BeautifulSoup: Mainly use to extract data from HTML content on webpages. If extract from local, Requests module is enough

How BeautifulSoup work?

  1. Loading HTML/XML: The first step is loading the HTML content into BeautifulSoup.

  2. Creating the Soup Object: BeautifulSoup parses the content and creates a "soup" object, which represents the document.

  3. Navigating and Searching: The soup object allows you to navigate and search through the parsed document easily, using methods like find(), find_all(), select(), etc.

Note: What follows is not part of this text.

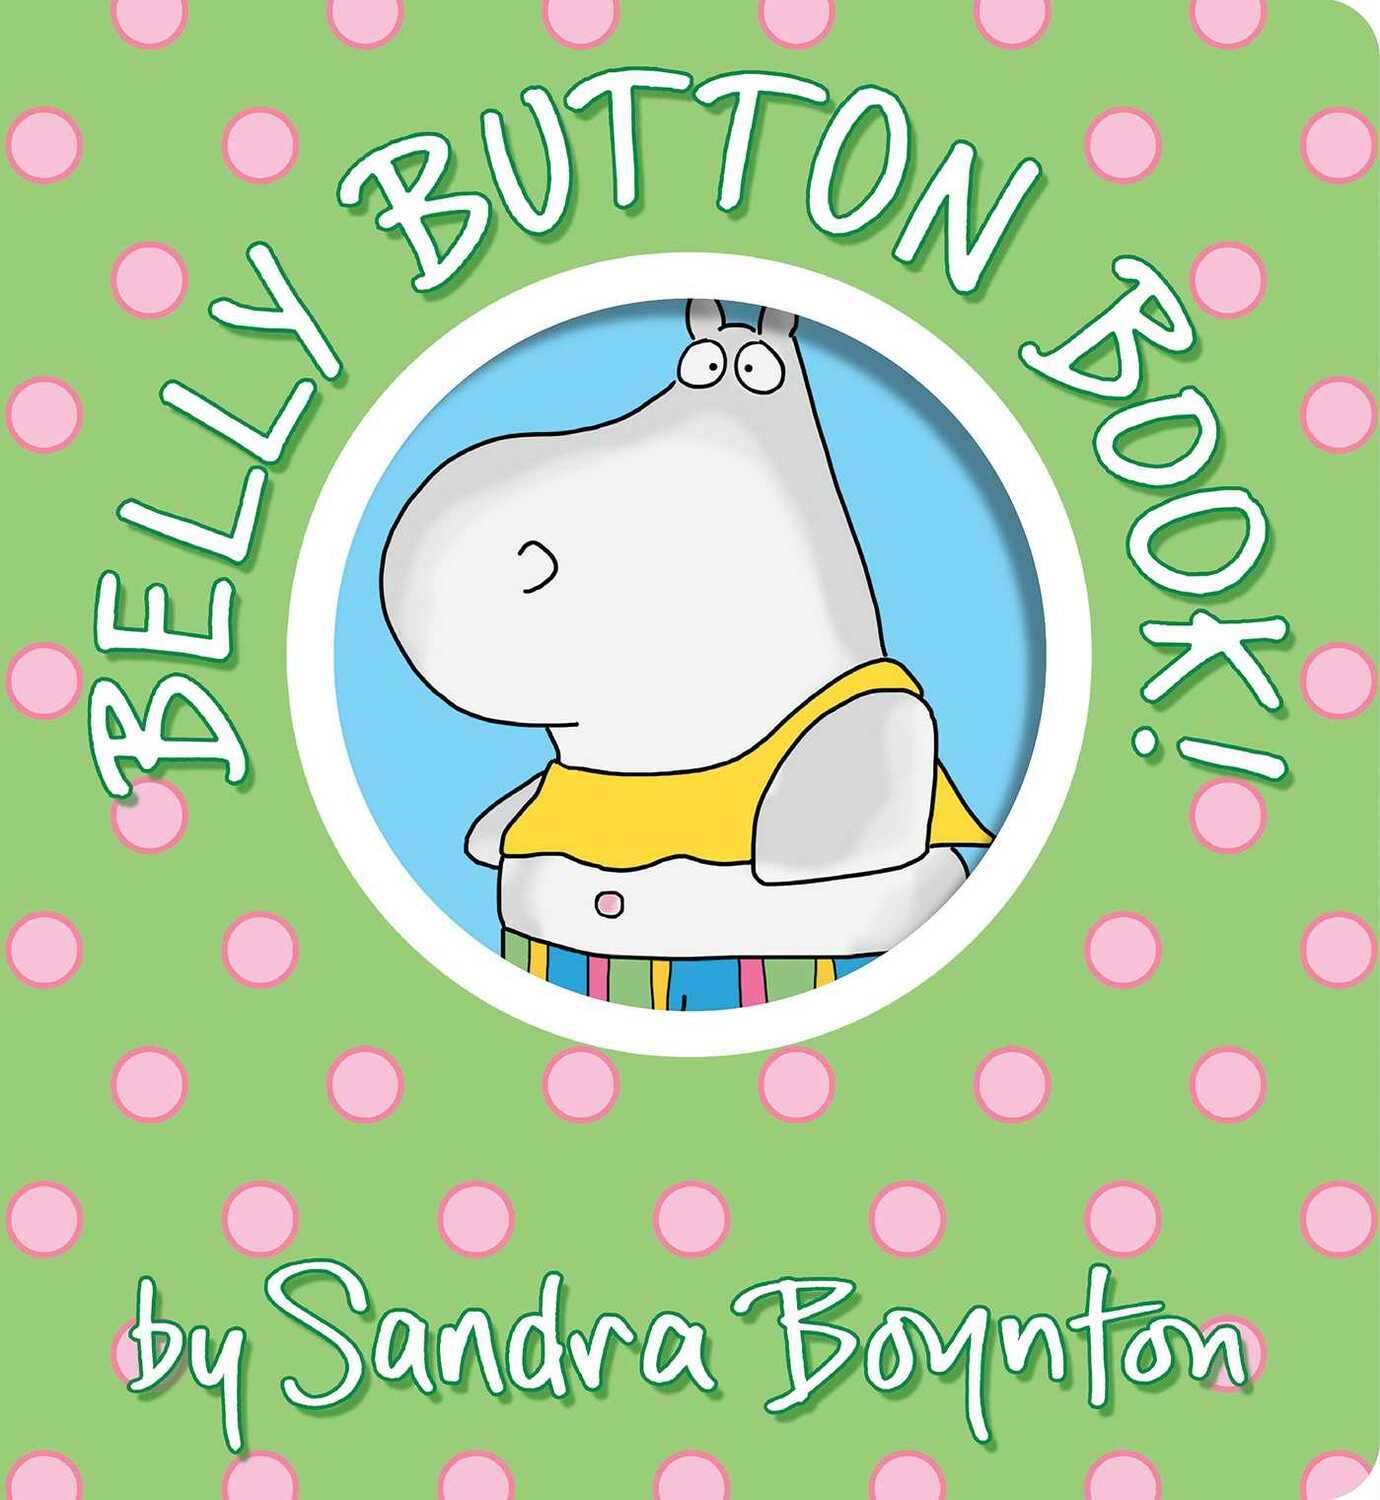 Belly Button Book!: Oversized Lap Board Book

Requests: Make HTTP requests in Python. It will fetch HTML content

Pandas: The library provide data analysis tools. Will use to store and manipulate extracted data in tabular as example below:

example of Panda module

OS: The module use to interact with operating system. Will use to handle file path once finish extract and create into csv file

Defining the function

def scrape_matta_members():
    base_url = "https://www.matta.org.my/members?page="
    members = []

def scrape_matta_members(): defines function as per name stated

base_url is the web address for the page that we want to capture. Normally main website is till '?' symbol. After that its on the search or other details.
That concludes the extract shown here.